3. supercritical carbon dioxide shell button dyeing caldron according to claim 2, is characterized in that: the bottom of described cylindrical shell (3) is inverted trapezoidal structure (7).

4. supercritical carbon dioxide shell button dyeing caldron according to claim 3, is characterized in that: the hypotenuse of described inverted trapezoidal structure (7) and the angle of horizontal plane are 20 ~ 50 degree.

5. supercritical carbon dioxide shell button dyeing caldron according to claim 2, it is characterized in that: opening (17) place of described cylindrical shell (3) is provided with chassis with holes (9), described chassis with holes (9) is positioned at the below of described curved surface netware (6).

6. supercritical carbon dioxide shell button dyeing caldron according to claim 2, it is characterized in that: the upper end of described cylindrical shell (3) is provided with lid with holes (8), described lid with holes (8) is provided with draw ring (10).

7. supercritical carbon dioxide shell button dyeing caldron according to claim 2, is characterized in that: the mesh aperture of described curved surface netware (6) is 1 ~ 2mm.

8. a shell button supercritical CO 2 dyeing technique, is characterized in that: adopt the supercritical carbon dioxide shell button dyeing caldron described in any one of claim 1 ~ 7 to dye.

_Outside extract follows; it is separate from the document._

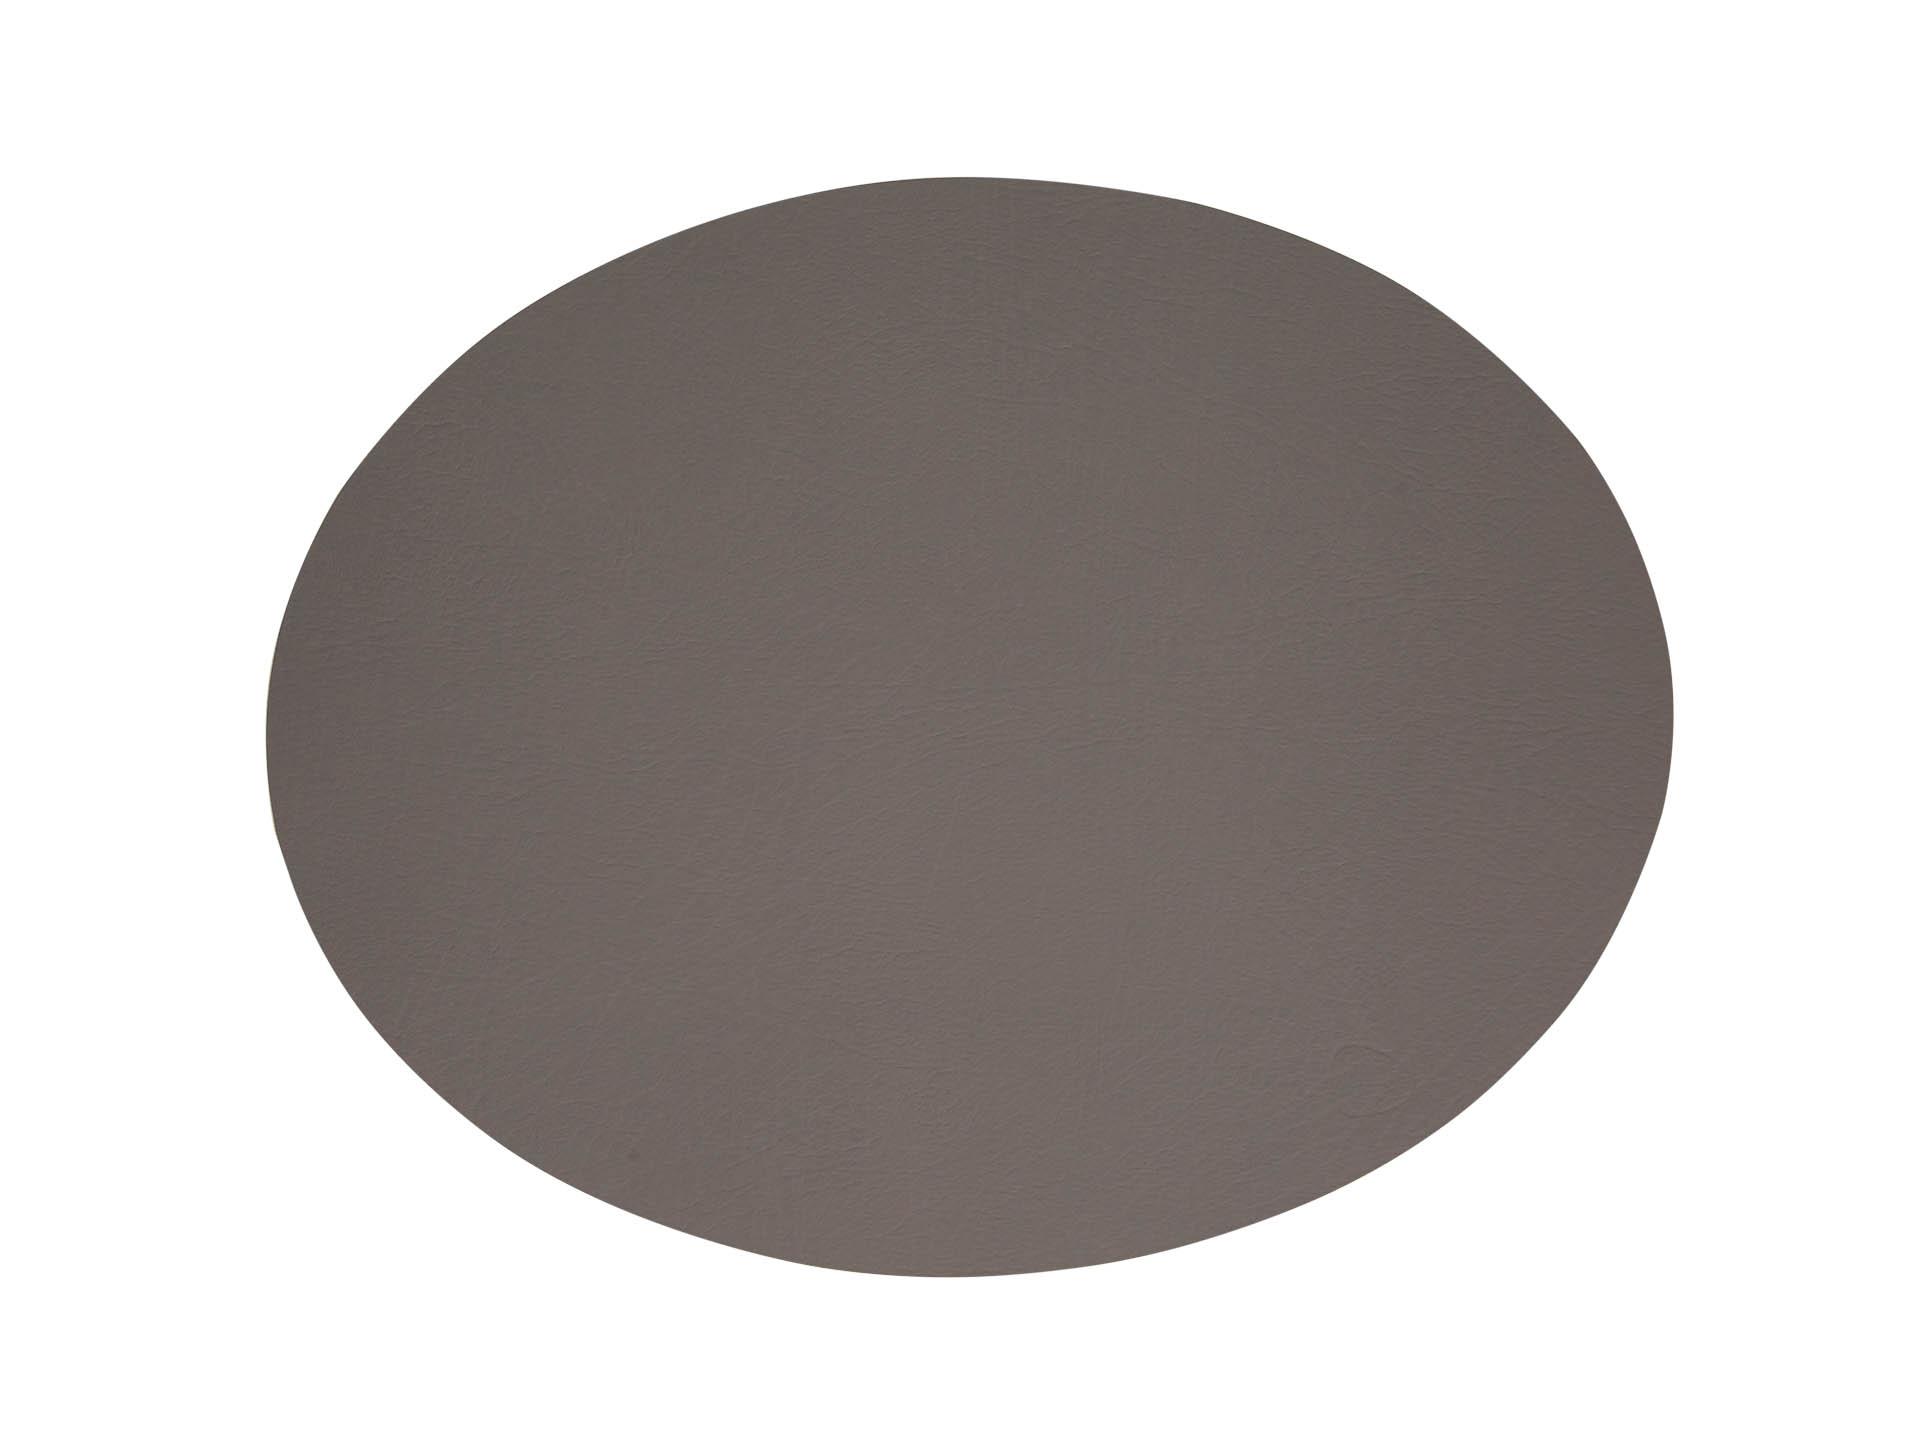 Tischset oval 35x46 DOUBLE schwarz met.

9. dyeing according to claim 8, it is characterized in that: the dyeing condition of described dyeing is: supercritical carbon dioxide fluid flow velocity is 10 ~ 40g/min, dyeing temperature in the kettle is 75 ~ 95 DEG C, and in dyeing caldron, pressure is 15 ~ 28MPa, and dyeing time is 40 ~ 90min;

The dyestuff that wherein said dyeing adopts is the dye of positive ion, before described shell button dyeing, carry out pretreatment, described preprocess method is: immersed by shell button in the ammonia spirit of 0.05 ~ 0.2mol/L, under 25 DEG C of conditions, soak 4 ~ 8 hours, soak and terminate rear directly drying after surface moisture for dyeing.

10. dyeing according to claim 9, it is characterized in that, the quality of the described dye of positive ion accounts for 1 ~ 5% of shell button quality, the dye liquor of the described dye of positive ion is after dissolving the dye of positive ion with 50% ethanol water, add ammoniacal liquor to obtain, by volume percentage composition ammoniacal liquor add that volume accounts for described 50% ethanol water volume 1% ~ 3%.